SOLVED - Dragonfish 10GB/s limit on 100GB/s Interfaces

helojunkie · April 27, 2024, 1:15am

I am running 2 x Dragonfish-24.04.0 installs connected via 100GB utilizing Cisco Nexus 9K switches. I am seeing zero errors on either interface, both systems are connected at 100GB/s, but yet when I am replicating snapshots one to the other I am seeing a cap at just over 8GB/s.

I know standard Linux needs some tuning to really get the funn bandwidth, but I didn’t want to go messing with tunables in Dragonfish until I knew for sure this was the issue.

Are there tunables specific to Dragonfish and 100GB Mellonox cards so I can get this resolved?

Many Thanks

Stux · April 27, 2024, 1:24am

100gbps links (because I doubt you have a tbps link) and you’re seeing 8GB/s?

Which seems like a pretty good result to me.

Or do you mean 8gigabits per second?

Stux · April 27, 2024, 1:27am

Meanwhile, even getting to 10gbps takes some doing. A pair of HDs is not going to do it.

So what is your storage?

Or are you just showing iperf results?

helojunkie · April 27, 2024, 1:28am

I was hoping for much closer to 12GB/s which would be near the max of the 100GB (100000000 Kbit) interfaces. Am I asking too much? 8GB/s is only about 2/3rds line rate unless I miscalculated.

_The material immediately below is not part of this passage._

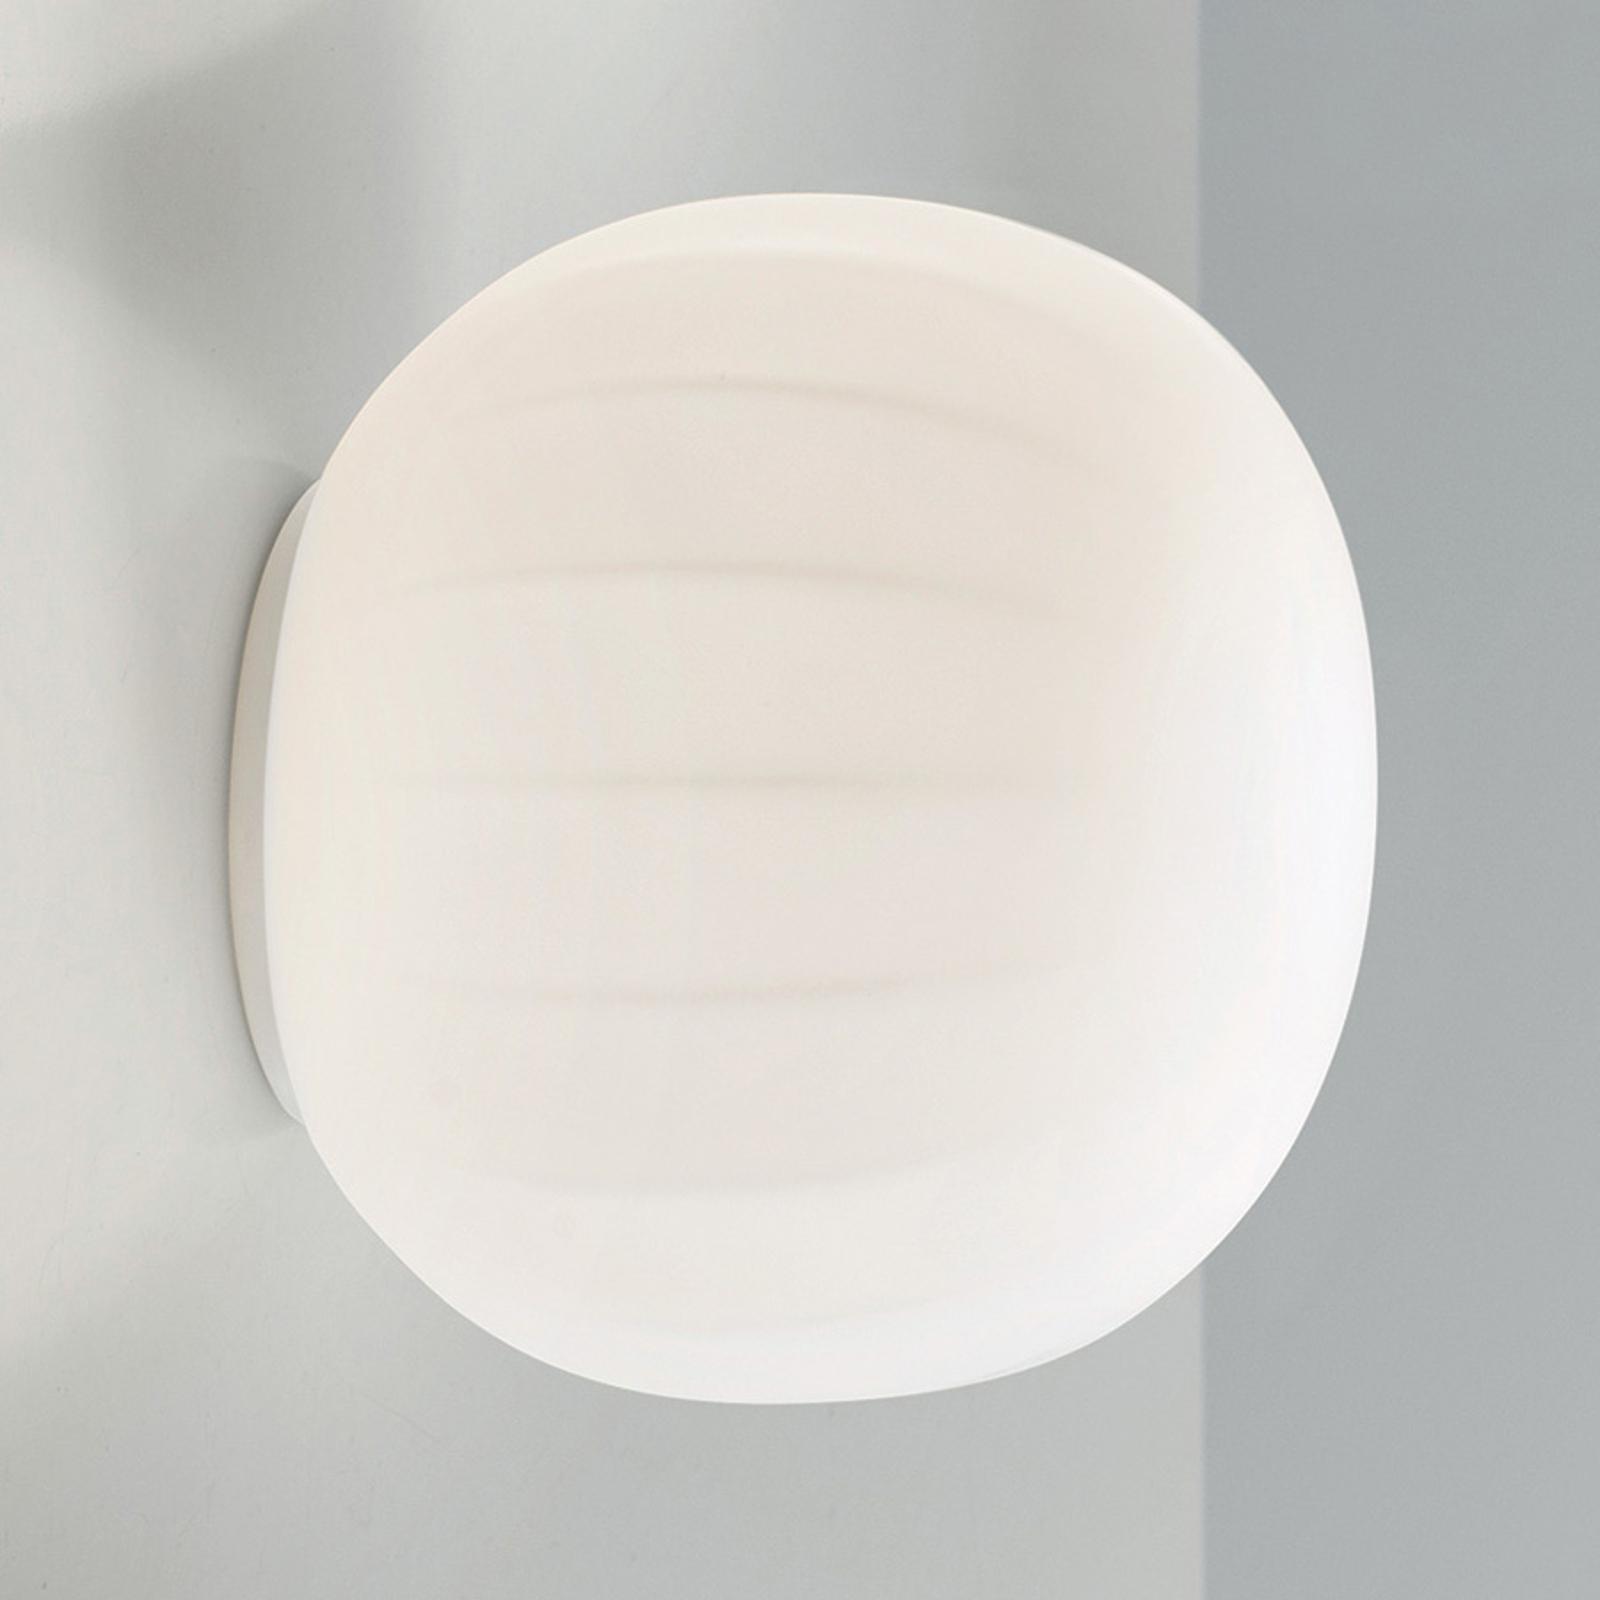 Luceplan Lita Wandlampe Ø 18 cm

helojunkie · April 27, 2024, 1:29am

No, this is what Dragonfish is showing during the actual transfer. I’m not sure how to upload an image or I would post the image from the dashboard.

Stux · April 27, 2024, 1:30am

How are you measuring this?

I will admit, I have zero experience with 100gbit networking.

but, I do believe it’s non trivial to saturate it.

helojunkie · April 27, 2024, 1:41am

This is just what the Scale Dashboards show, which is also what my Cisco N9Ks show.

helojunkie · April 27, 2024, 1:45am

Actually, Dragonfish is showing 8Gb/s, not 8GB/s, so I am WAY off, but maybe it’s a drive saturation issue?

Stux · April 27, 2024, 1:49am

Probably.

What drives do you have. What is your pool layout?

helojunkie · April 27, 2024, 1:50am

Both systems:
18 x 18TB WD HC550 7200RPM 12GB/s SAS Hard Drives
2 x 9 Drive RAIDZ2 VDEVs

Stux · April 27, 2024, 1:52am

In order to hit 1GB/s on my 10gbit system I needed to switch my 18 hard drives to 9 mirrors.

helojunkie · April 27, 2024, 1:54am

Interesting. I think the next time I have a replication running I will run nmon and watch the drive utilization, maybe that is the bottleneck!

Thanks for the insight.

Stux · April 27, 2024, 2:01am

SAS3 is up to 12gbps per port.

But HDs typically peform at about 100-280MB/s best case depending on if they’re reading from the inner or outer edge.

Meanwhile how is your HBA connected to your system?

Mine is PCIe Gen 2 8x. Which is good for a MAX of 4GB/s.

Maybe yours is Gen 3 8x and good for 8GB/s.

8GB/s is not going to saturate 100gbit. You’d need PCIe Gen 4 or 16x Gen 3 to do that.

And more or faster storage than you have.

helojunkie · April 27, 2024, 5:50pm

So I am running the LSI3008 in a Gen3 8x slot which should give me the full 12Gb/s SAS speed according to the Broadcom website.

I did a smaller replication this morning and was monitoring my drive utilization with nmon and all of the drives across the array hit over 80% utilization, so I am guessing you were spot on with the limitation being the drives and not the network.
I am going to check with a much larger replication later today.

etorix · April 27, 2024, 7:33pm

Thanks for getting the units right: Bytes with a capital ‘B’ vs. bits with a small ‘b’.

I have a flash-only NAS with two 8-wide raidz2 vdevs (mix of enterprise 3.84 TB drives), all attached to a 9305-16i. While scrubbing, TrueCommand reports a reading speed of 8-9 GBytes/s. You are NOT going to even approach this speed with two raidz2 vdevs of spinning drives; 8 Gbits/s looks like a reasonable mark.

I think you can mark the thread as “solved”, with a negative answer: There’s no hard limit (or not this one) in software, but your pool is very far from being capable of saturating a 100 GbE link.

helojunkie · April 27, 2024, 9:50pm

Thank you and @Stux both for helping me figure this out as a array issue and not a network issue. As I expand the units I suspect the speed will increase as I add more vdevs.